● What is required: Reproduce exactly the line with "Now Designs Flour" and every line that follows it below, up to and including the last one. Do not include pictures or anything else.

● Information provided:
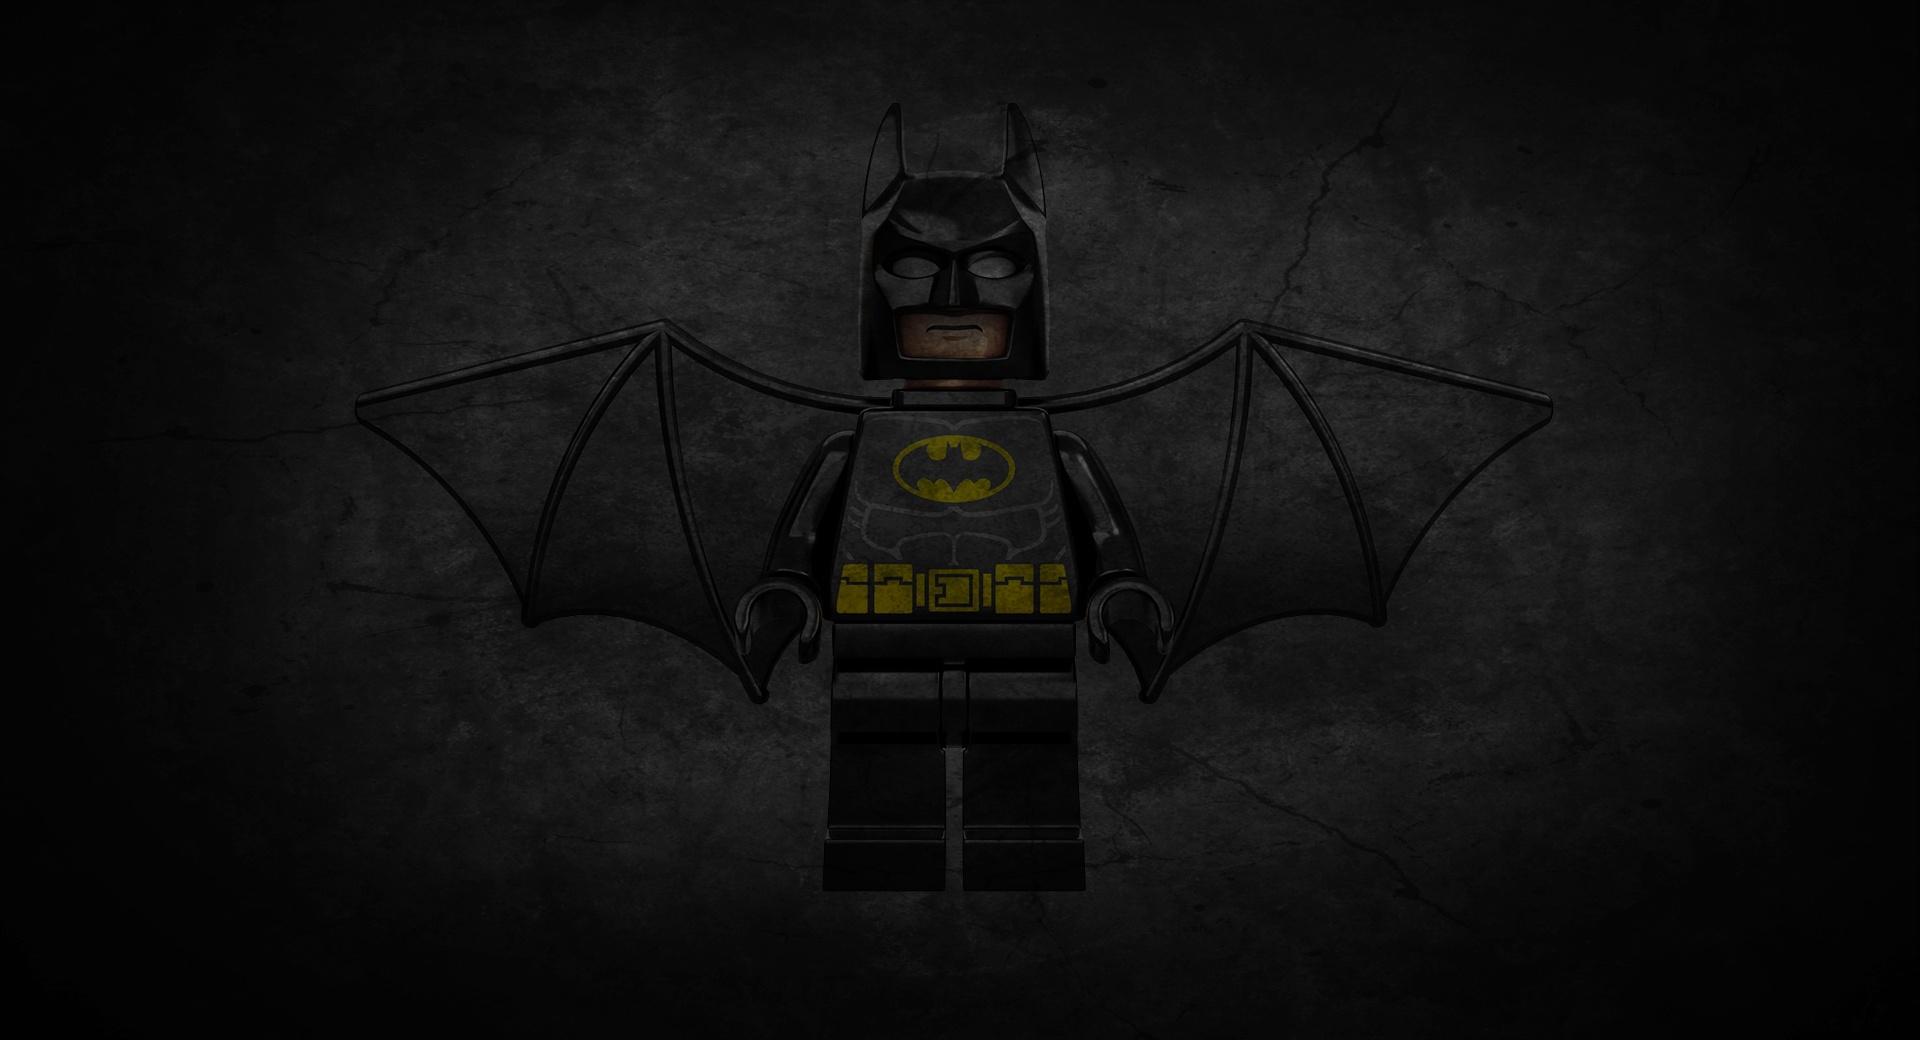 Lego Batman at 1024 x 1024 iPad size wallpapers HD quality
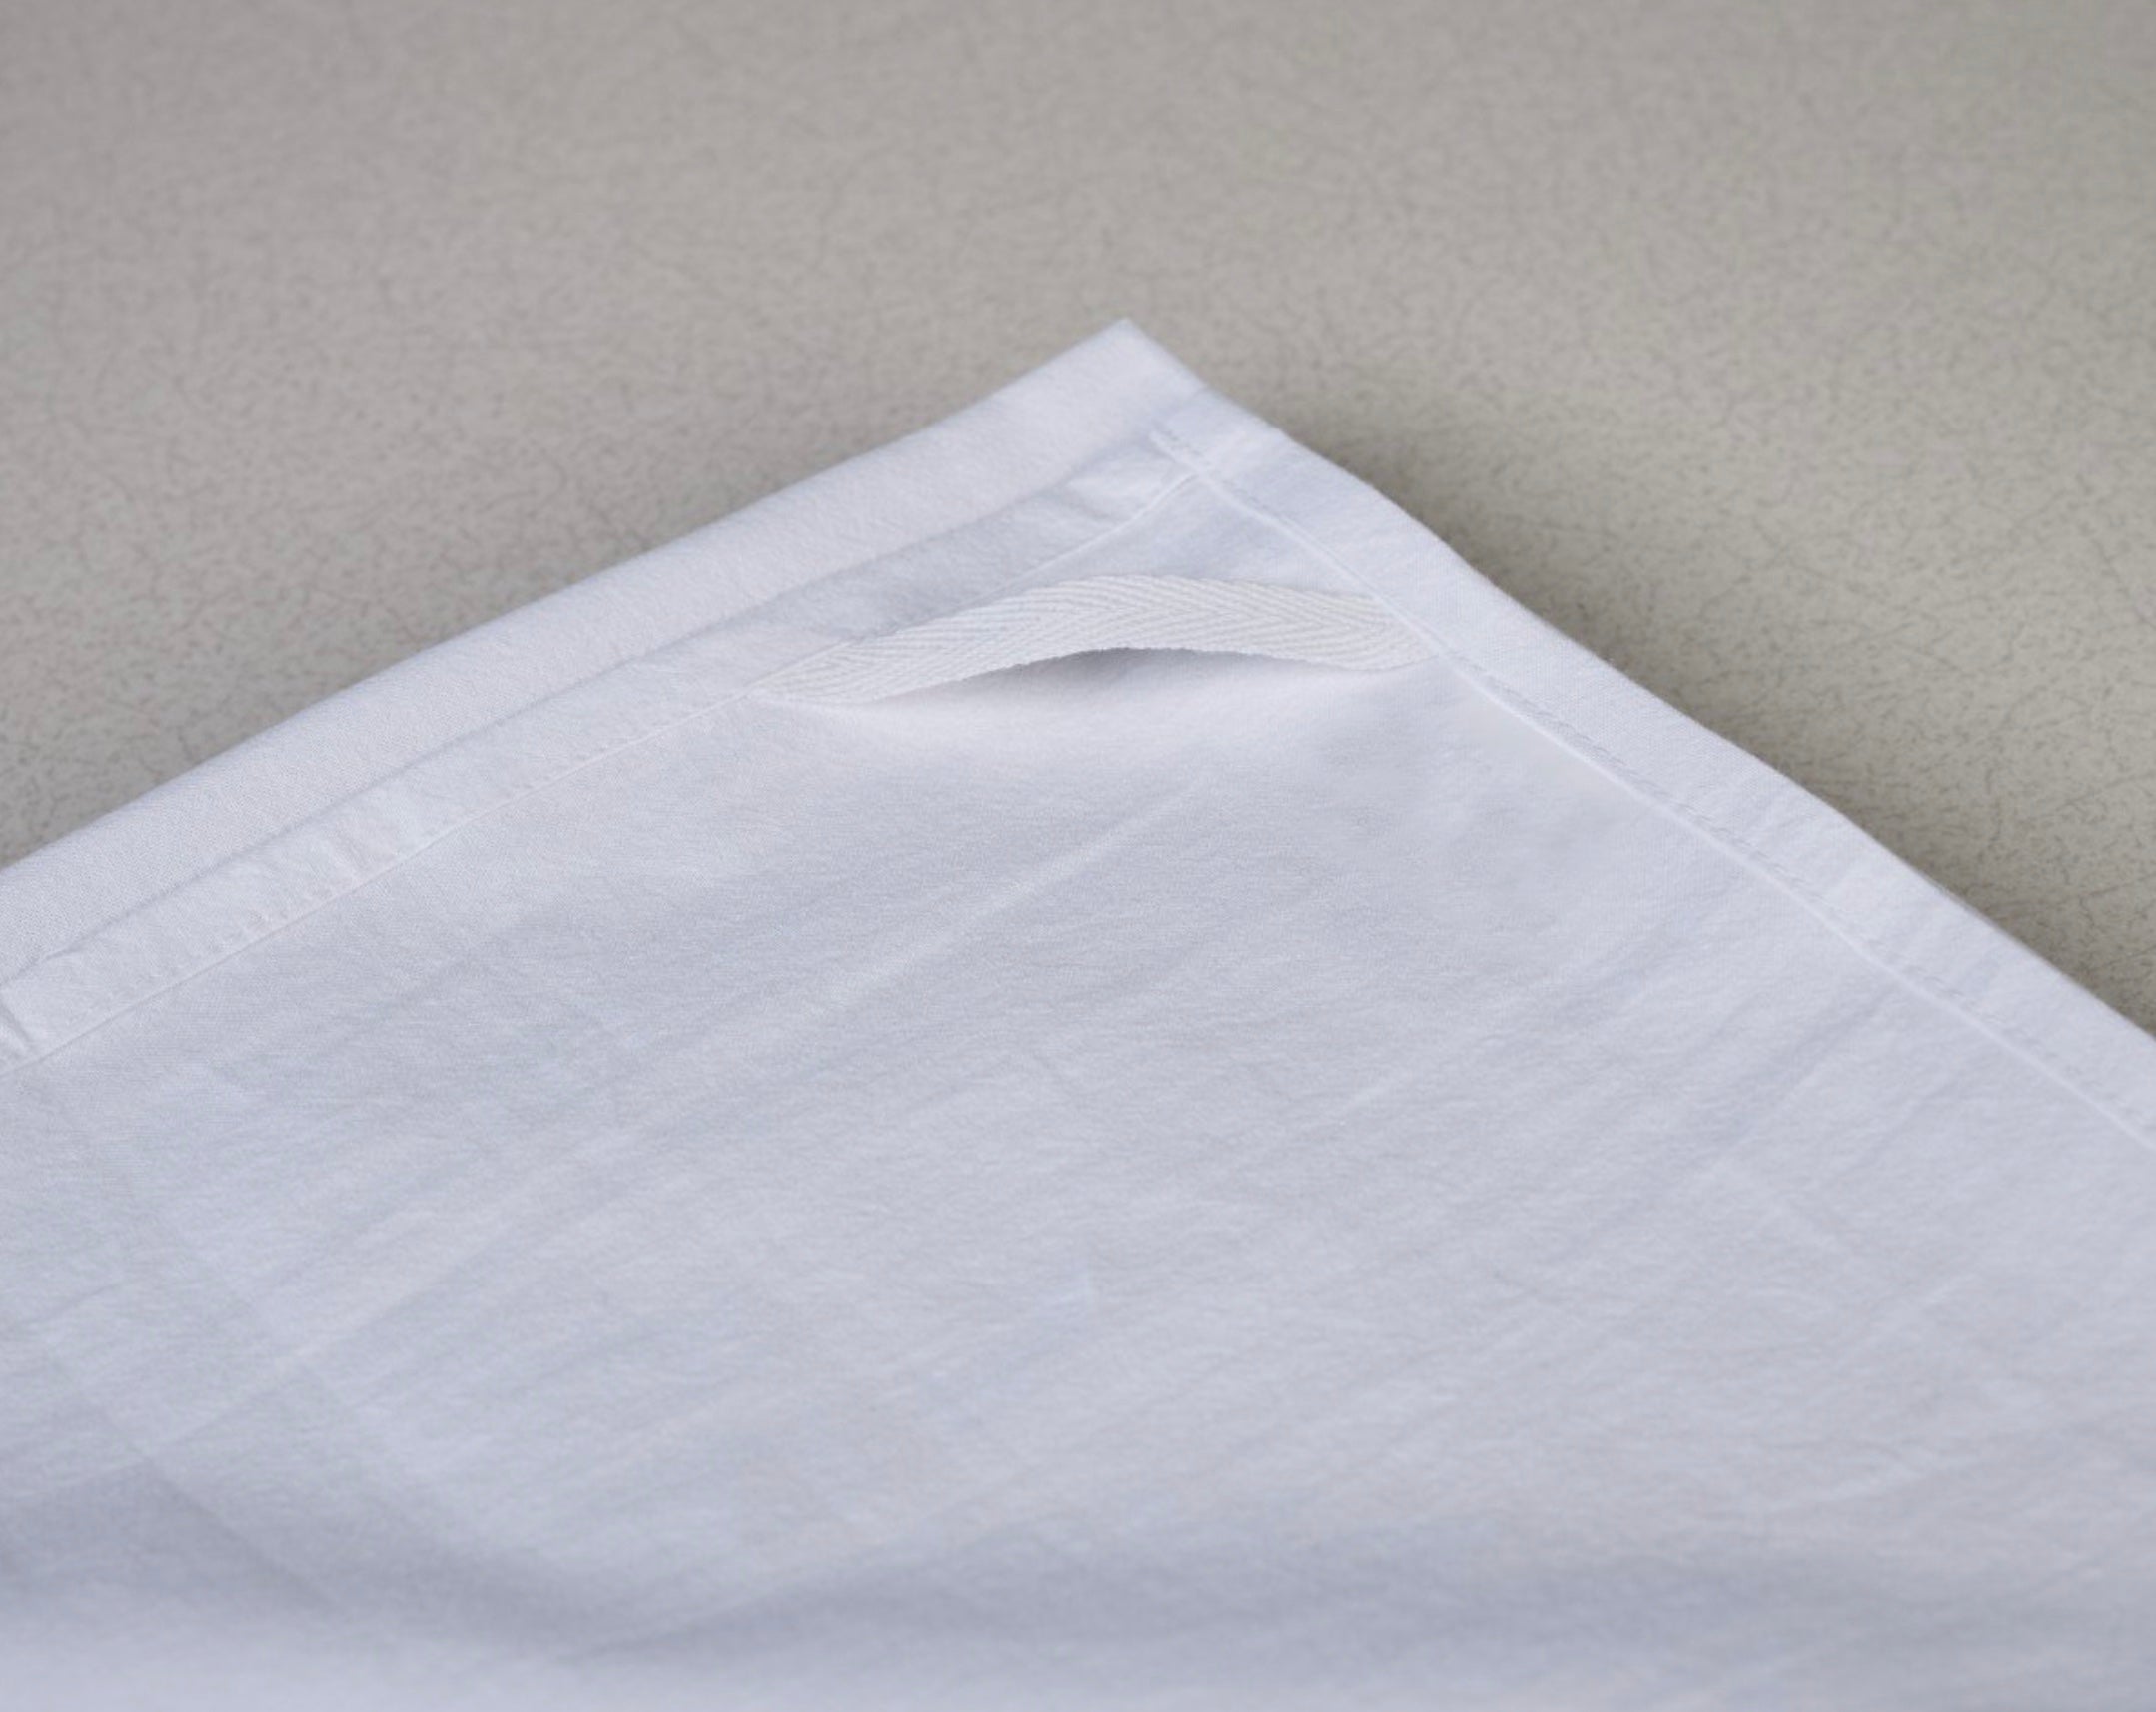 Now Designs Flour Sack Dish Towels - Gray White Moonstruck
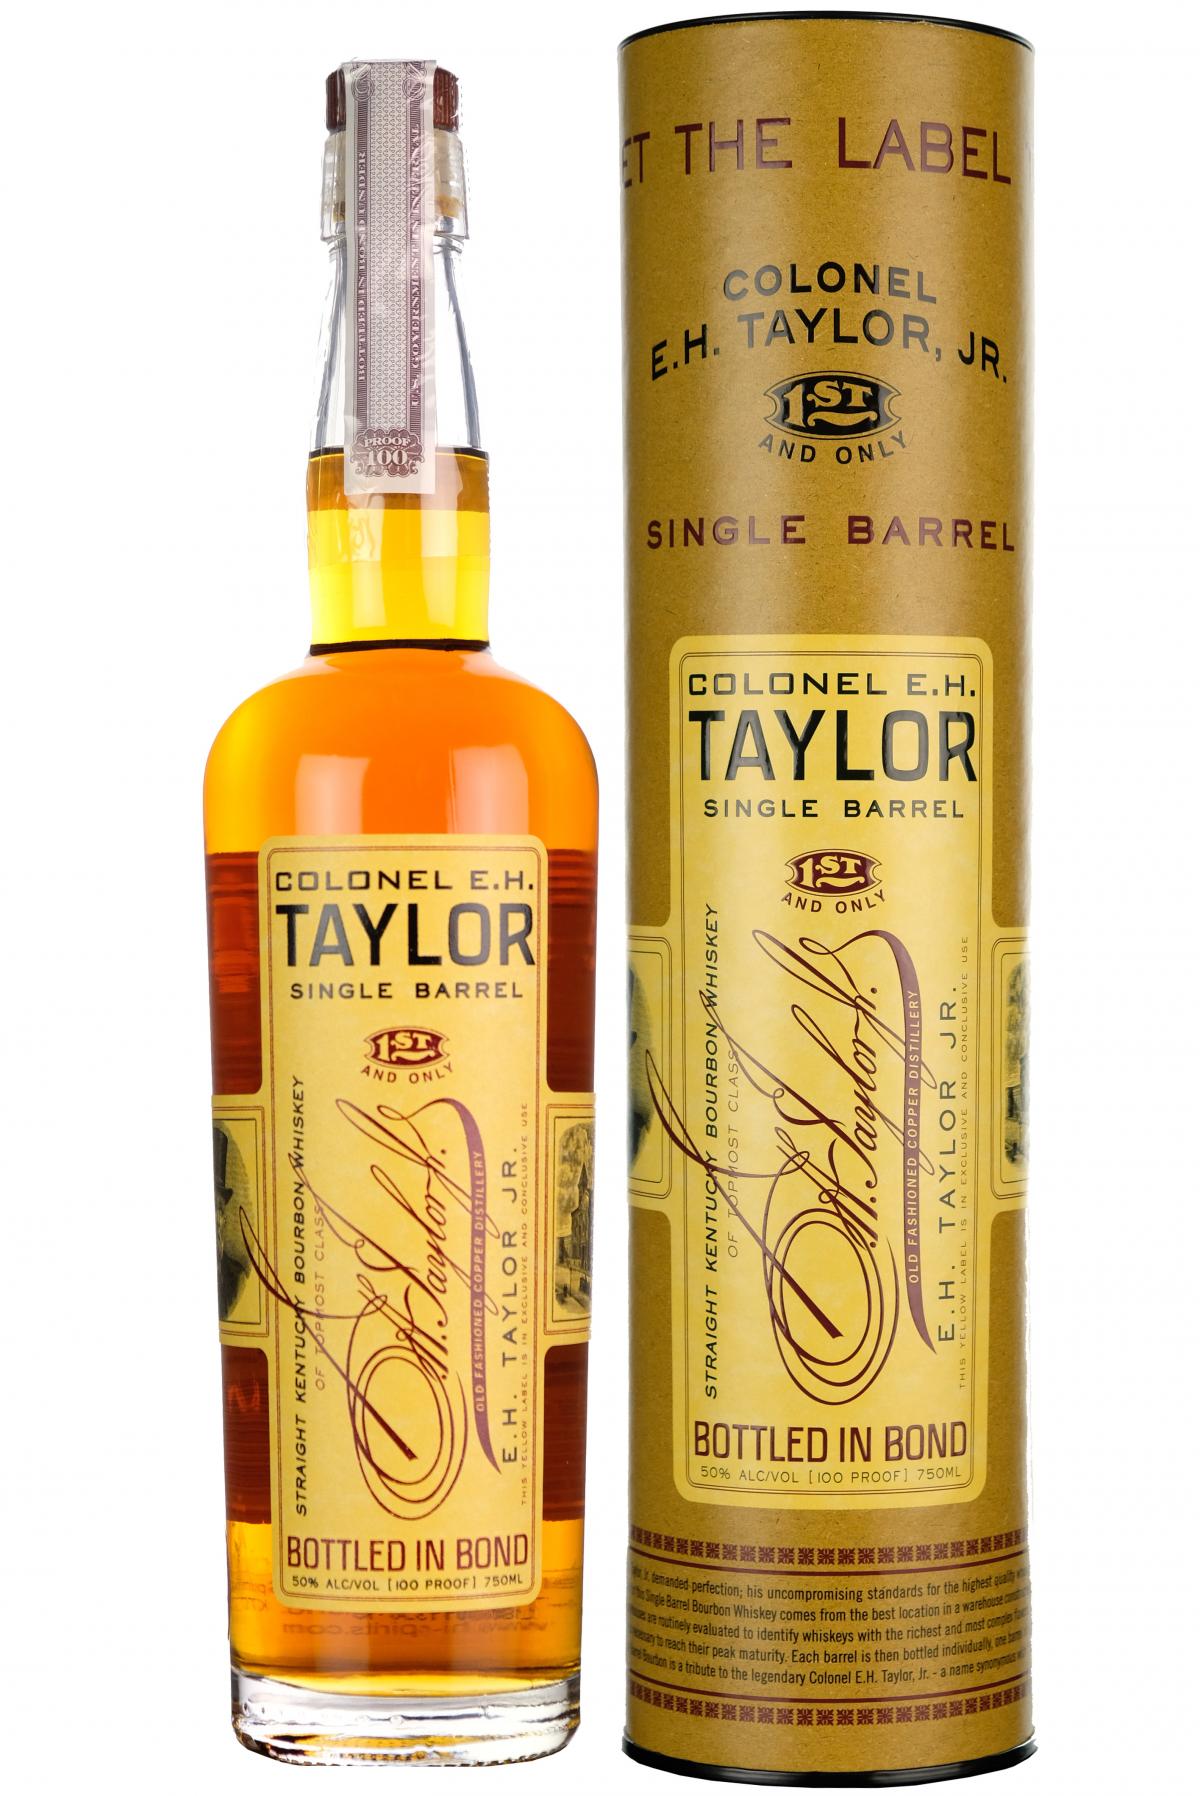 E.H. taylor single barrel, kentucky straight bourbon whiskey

● Task output:
 Now Designs Flour Sack Dish Towels - Gray White Moonstruck
 E.H. taylor single barrel, kentucky straight bourbon whiskey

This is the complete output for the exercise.